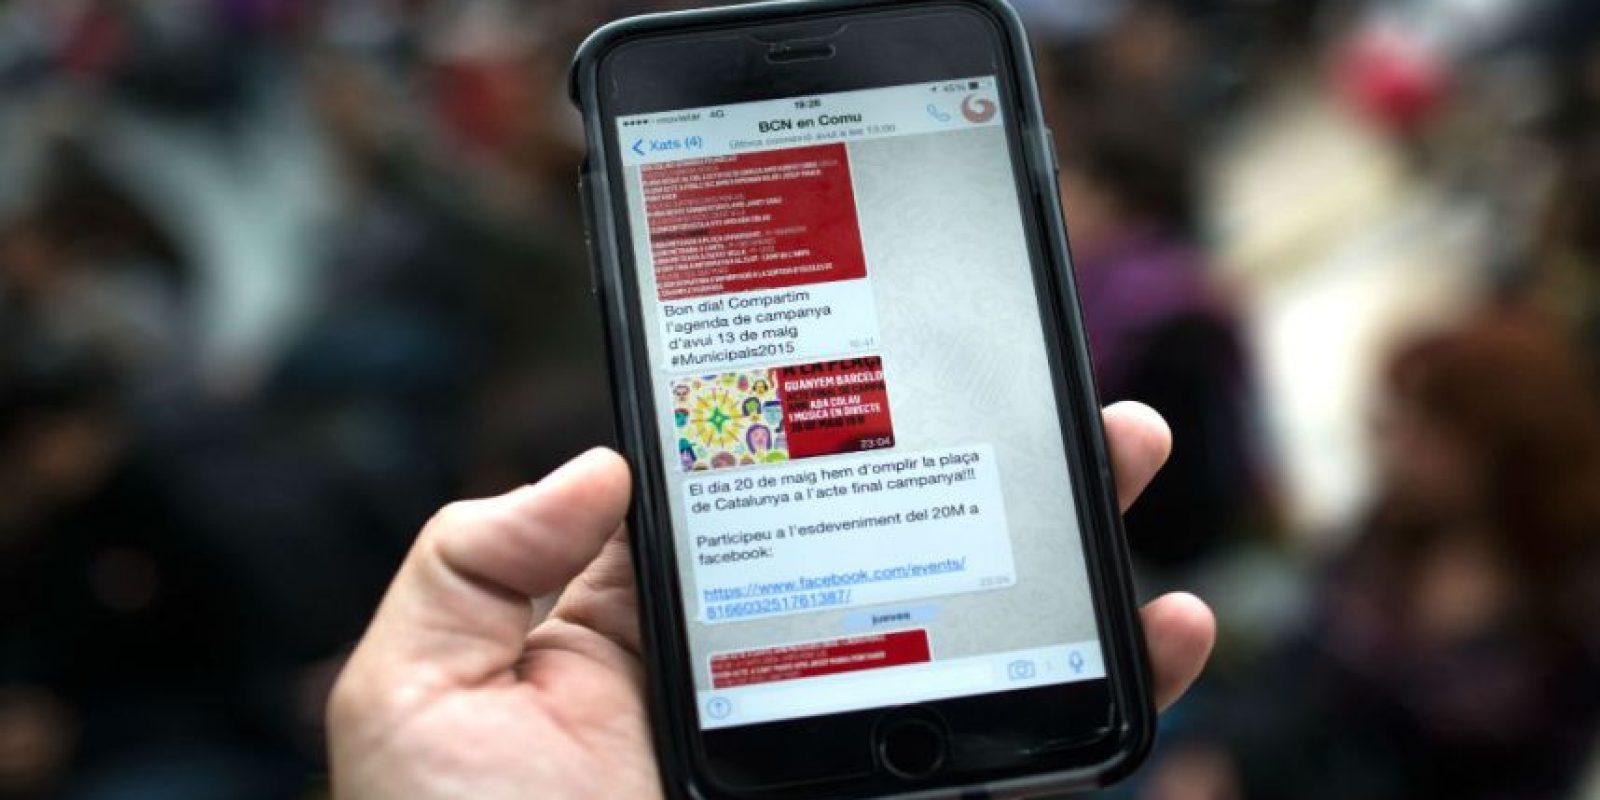 La nueva actualización traerá consigo fondos nuevos. Foto:Getty Images
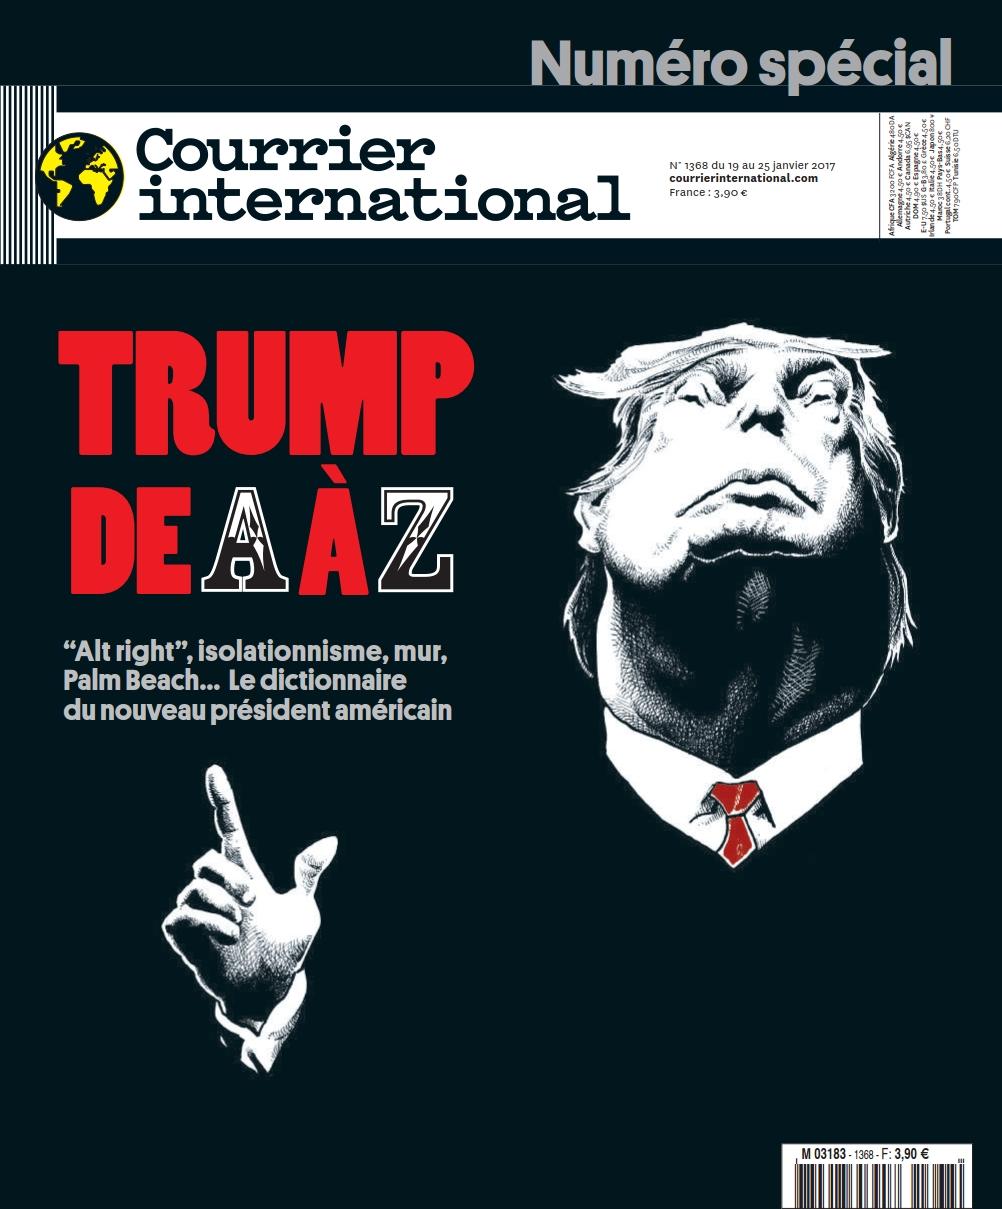 Courrier international N°1368 - 19 au 25 Janvier 2017
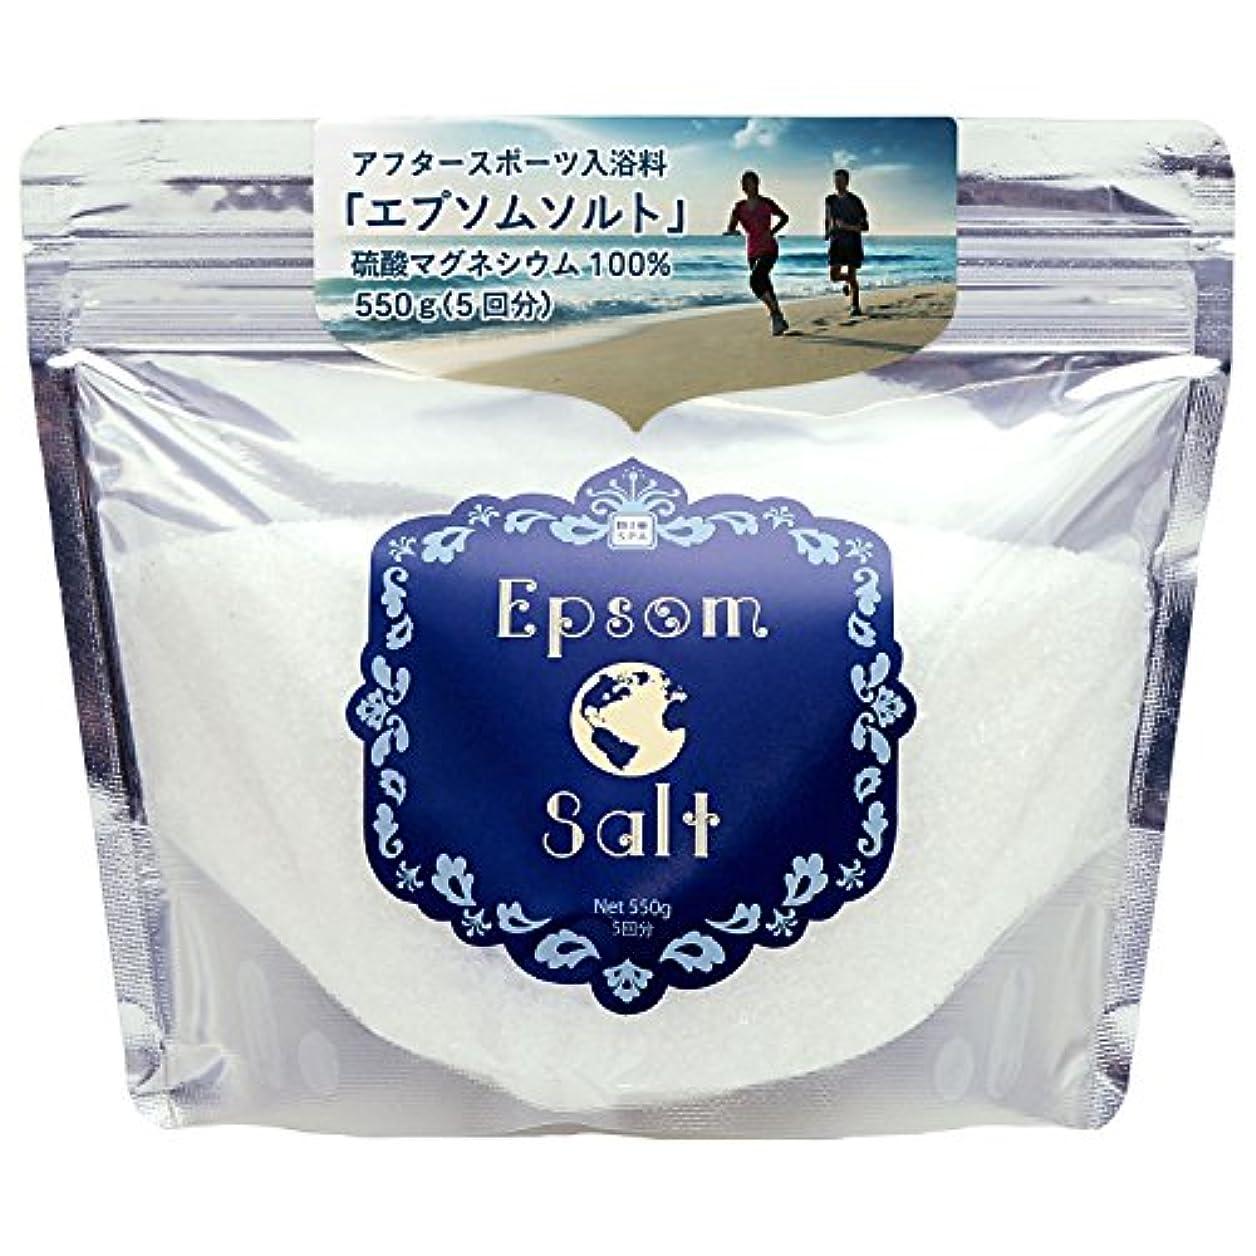 擬人化冷蔵庫解明するBIOSPA(ビオスパ) 入浴剤 エプソムソルト スポーツエディション 550g 約5回分 軽量スプーン付 EBS402

▶ **Assignment**
Every line of the listing above is to be retyped exactly, but the pictures are to be dropped.

▶ **Task answer**
 La nueva actualización traerá consigo fondos nuevos. Foto:Getty Images
 Courrier international N°1368 - 19 au 25 Janvier 2017
 擬人化冷蔵庫解明するBIOSPA(ビオスパ) 入浴剤 エプソムソルト スポーツエディション 550g 約5回分 軽量スプーン付 EBS402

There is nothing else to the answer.